Data plays a very important role in healthcare — aiding in care and business decisions. But with access to an abundance of datasets, deciphering which information is valuable can be a challenge. The first step, however, is to ensure the right data hygiene process is in place.
Clean data leads to better insights and risk prediction — and improved profitability. As you consider the quality of your data, the following best practices should be employed:
Process. Put steps in place to ensure data is clean — otherwise, you’re unlikely to have reliable insights. When it comes to patient-related data, a uniform enterprise master patient index (EMPI) tool is a great starting point.
Accuracy. Confirm contact information is correct. When patients/members move or change phone numbers, they don’t always update you. Having a process in place to help identify errors and precisely match information can save time and money.

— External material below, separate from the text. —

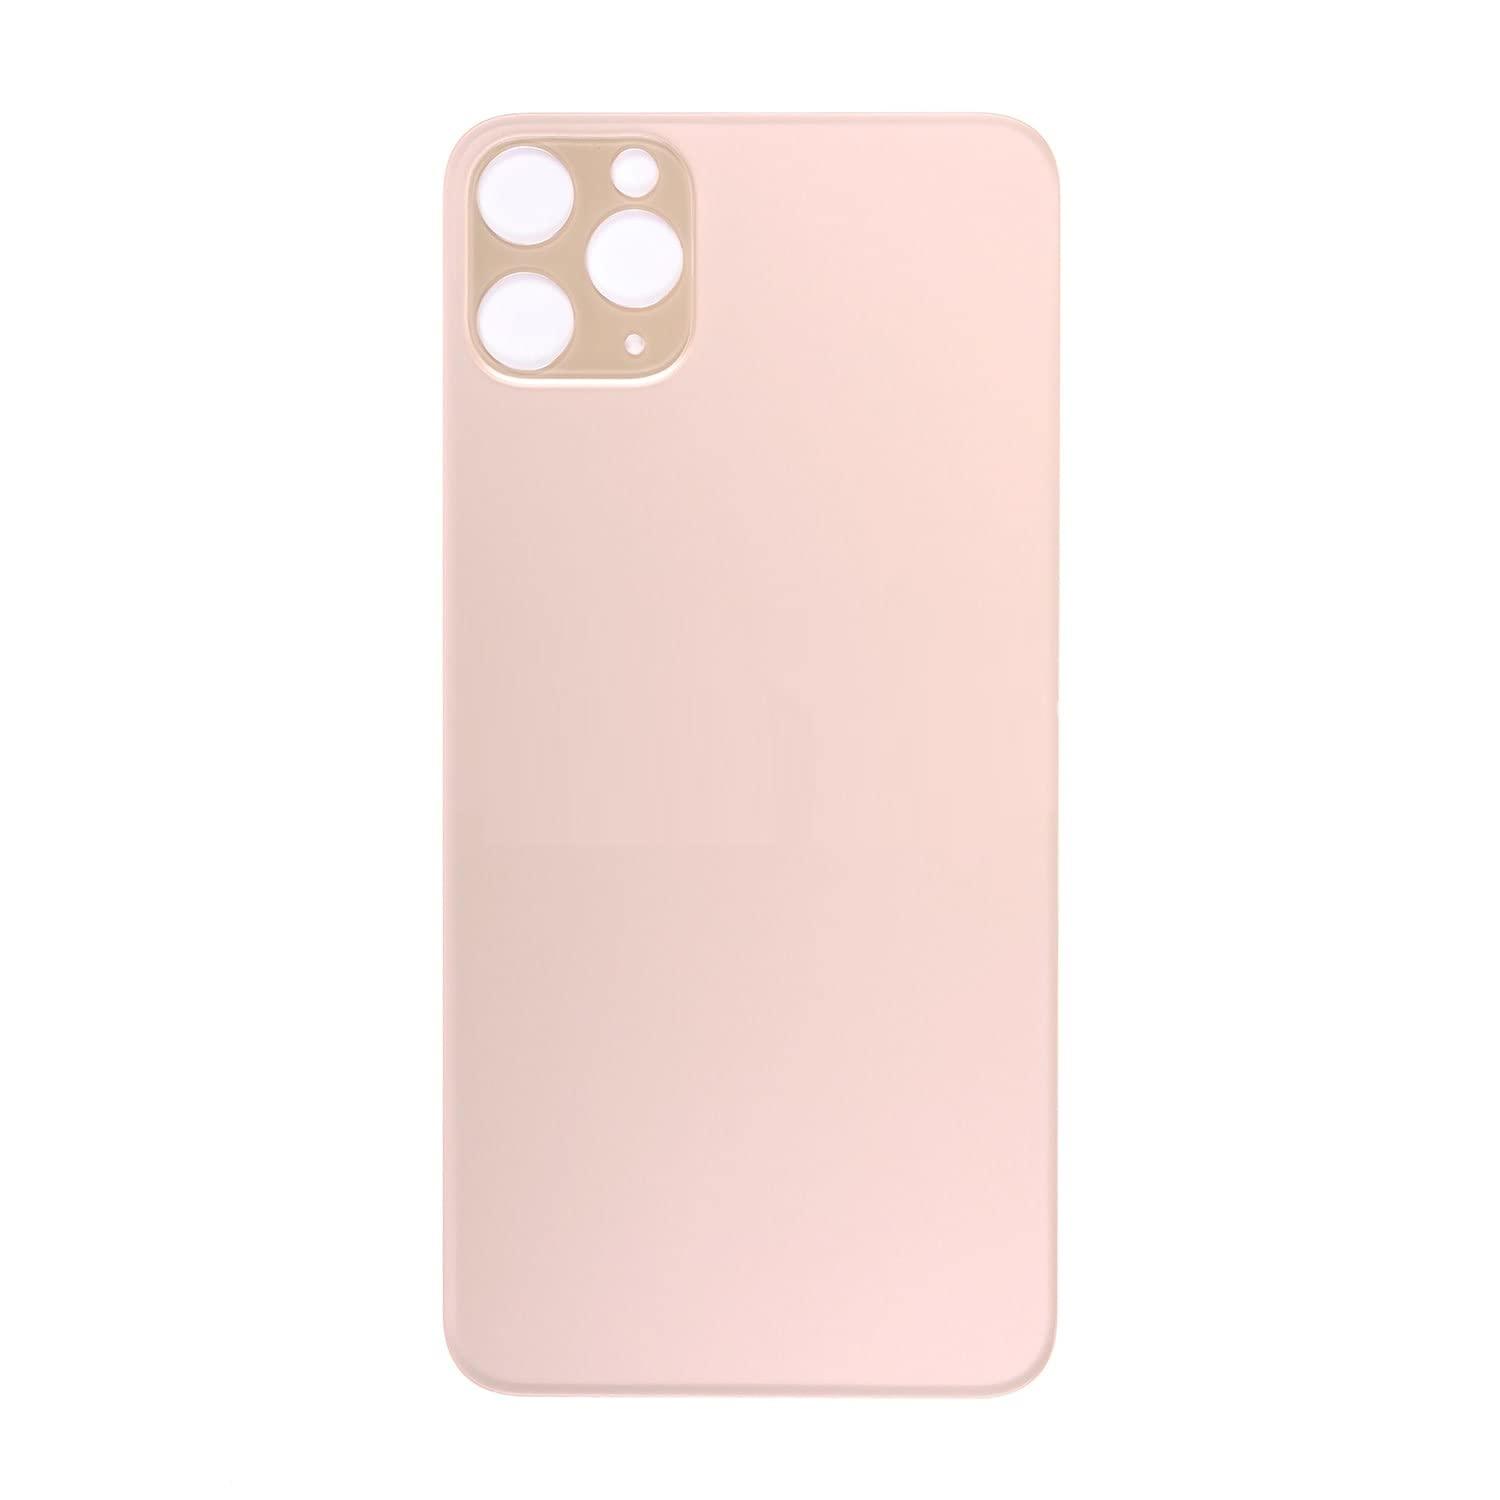 Back Glass Panel for Apple iPhone 11 pro Gold

Maintenance. Regularly review your data cleansing processes and make updates as needed. As the industry changes and more data becomes available, it’s important to continually adapt and improve your efforts. This regular maintenance may help identify holes in infrastructure, information and security.

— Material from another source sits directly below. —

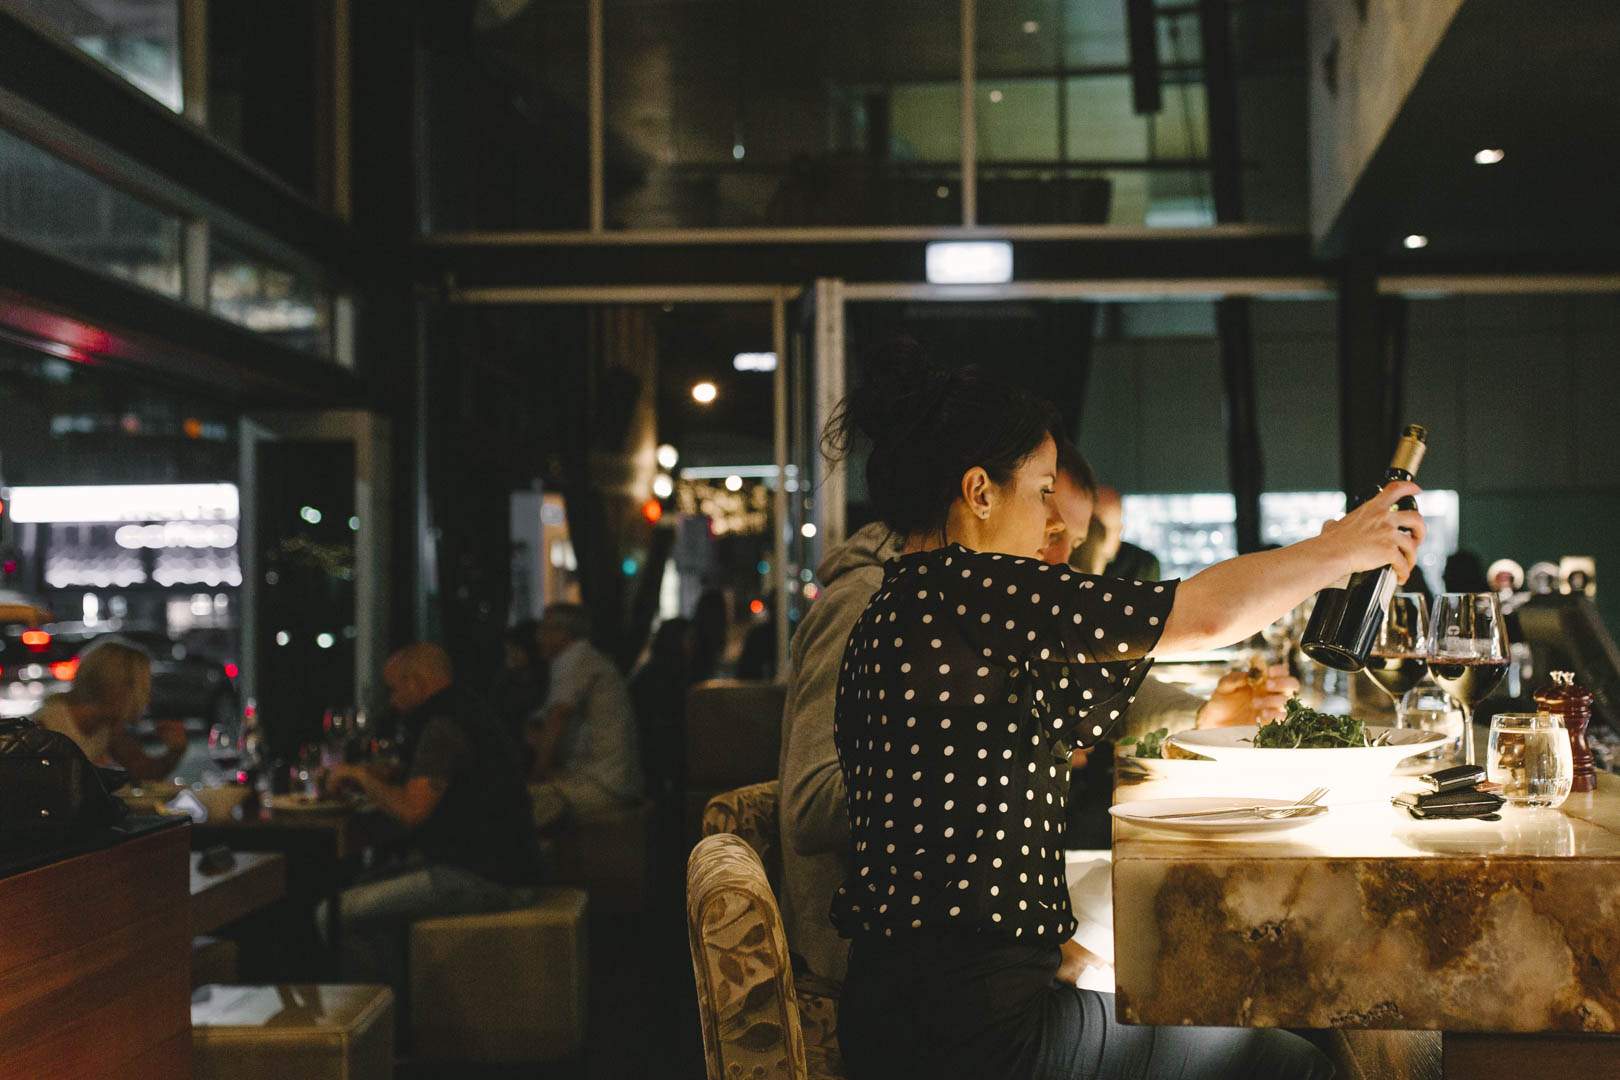 Brisbane's Least Awkward Spots for a First Date

Per an analysis done by Accenture, payers can realize up to $7 billion in value over the course of a year and half by using artificial intelligence-driven solutions.1 As for providers, a recent Black Book survey found 93% think data analytics is crucial to meet industry demands.2
Data fuels smarter, more automated workflows. As data-driven insights become more commonplace, it’s imperative to take a close look at your data strategies — where clean data should be front and center.